We write the position vector $ \vec{r} = r \cos\theta \sin\phi \, \hat{\imath} + r \sin\theta \sin\phi \, \hat{\jmath} + r \cos\phi \, \hat{k} $ and then use the definition of coordinate basis vectors to find the non-normalized spherical basis vectors:

$$ \begin{aligned} \vec{e}_r &= \frac{\partial\vec{r}}{\partial r} = \cos\theta \sin\phi \, \hat{\imath} + \sin\theta \sin\phi \, \hat{\jmath} + \cos\phi \, \hat{k} \\ \vec{e}_\theta &= \frac{\partial\vec{r}}{\partial\theta} = -r \sin\theta \sin\phi \, \hat{\imath} + r \cos\theta \sin\phi \, \hat{\jmath} \\ \vec{e}_\phi &= \frac{\partial\vec{r}}{\partial\phi} = r \cos\theta \cos\phi \, \hat{\imath} + r \sin\theta \cos\phi \, \hat{\jmath} - r \sin\phi \, \hat{k} \end{aligned} $$

To normalize these vectors we divide by their lengths, which we can compute to be $ \| \vec{e}_r \| = 1 $, $ \| \vec{e}_\theta \| = r \sin\phi, and \| \vec{e}_\phi \| = r $.

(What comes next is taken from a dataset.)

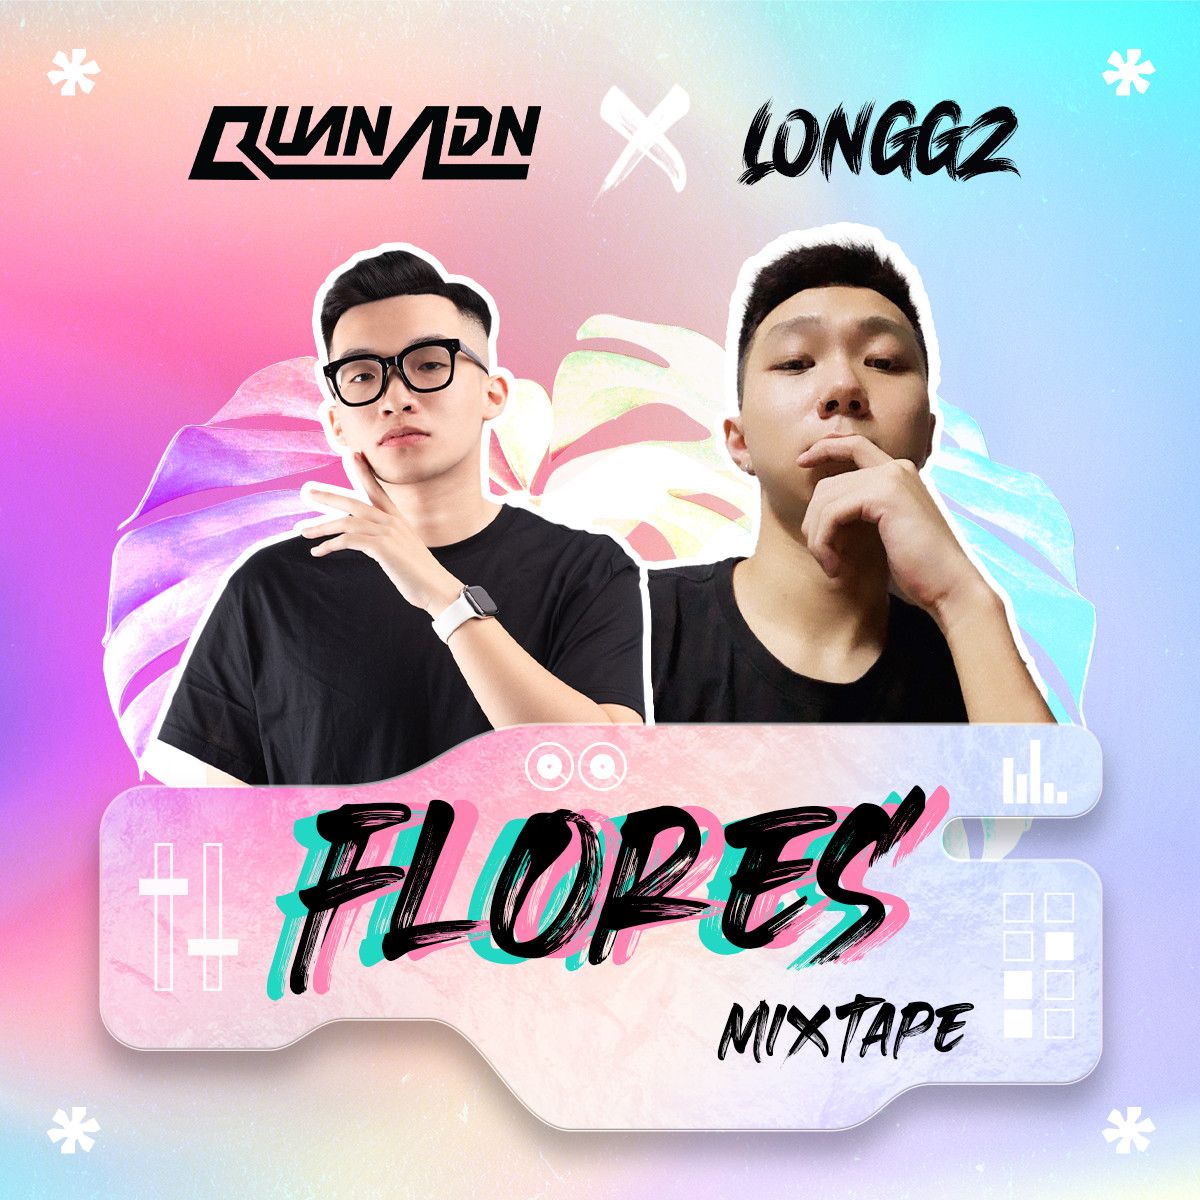 ডাউনলোড করুন Mixtape - Flores by Quan ADN & LONGGZ

To invert the basis change we first observe that we can take combinations of $ \hat{e}_r $ and $ \hat{e}_{\phi} $ to give:

$$ \begin{aligned} \cos\phi \, \hat{e}_r - \sin\phi \, \hat{e}_\phi &= \hat{k} \\ \sin\phi \, \hat{e}_r + \cos\phi \, \hat{e}_\phi &= \cos\theta \, \hat{\imath} + \sin\theta \, \hat{\jmath} \end{aligned} $$

Then:

$$ \begin{aligned} \cos\theta(\sin\phi \, \hat{e}_r + \cos\phi \, \hat{e}_\phi) - \sin\theta \, \hat{e}_\theta &= \cos^2\theta \, \hat{\imath} + \sin^2\theta \, \hat{\imath} = \hat{\imath} \\ \sin\theta(\sin\phi \, \hat{e}_r + \cos\phi \, \hat{e}_\phi) + \cos\theta \, \hat{e}_\theta &= \sin^2\theta \, \hat{\imath} + \cos^2\theta \, \hat{\jmath} = \hat{\jmath} \end{aligned} $$

Rearranging these gives the Cartesian basis vector expressions above.

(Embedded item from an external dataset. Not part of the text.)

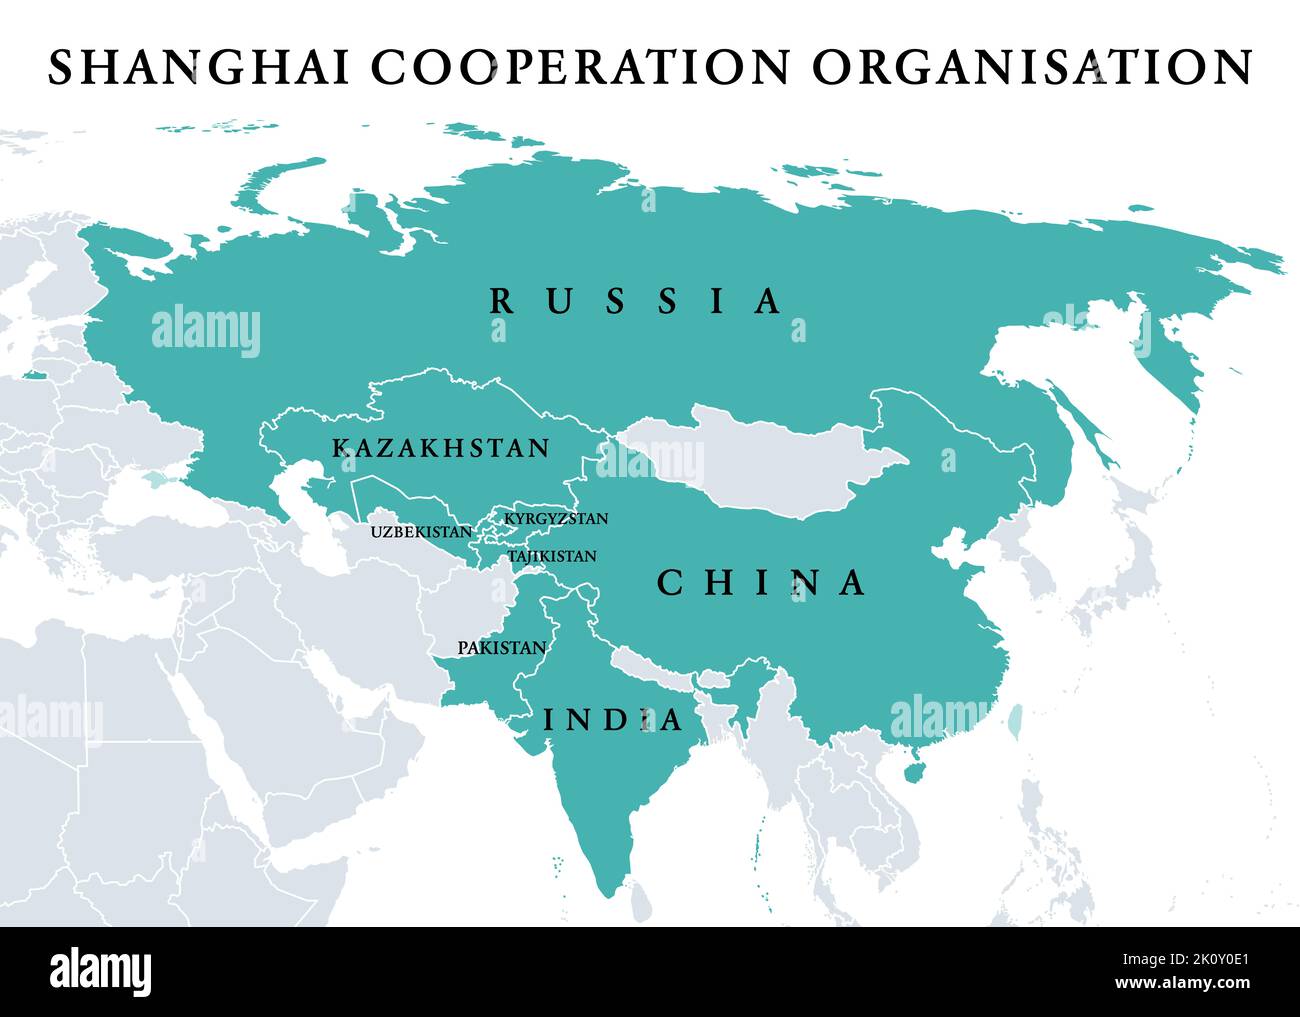 Organización de Cooperación de Shanghai, Estados miembros de la SCO, mapa político. Organización política, económica y de seguridad de Eurasia. Foto de stock

Warning: $(\hat{e}_r,\hat{e}_\theta,\hat{e}_\phi)$ is not right-handed #rvs-wr

Although it is common to write the spherical coordinates in the order $(r,\theta,\phi)$, this order gives a left-handed basis $ (\hat{e}_r,\hat{e}_\theta,\hat{e}_\phi) $, which we can see graphically from the fact that $ \hat{e}_r \times \hat{e}_\theta = -\hat{e}_\phi $. We can either work with this as a left-handed basis, or re-order the coordinates to give the right-handed basis $ (\hat{e}_r,\hat{e}_\phi,\hat{e}_\theta) $.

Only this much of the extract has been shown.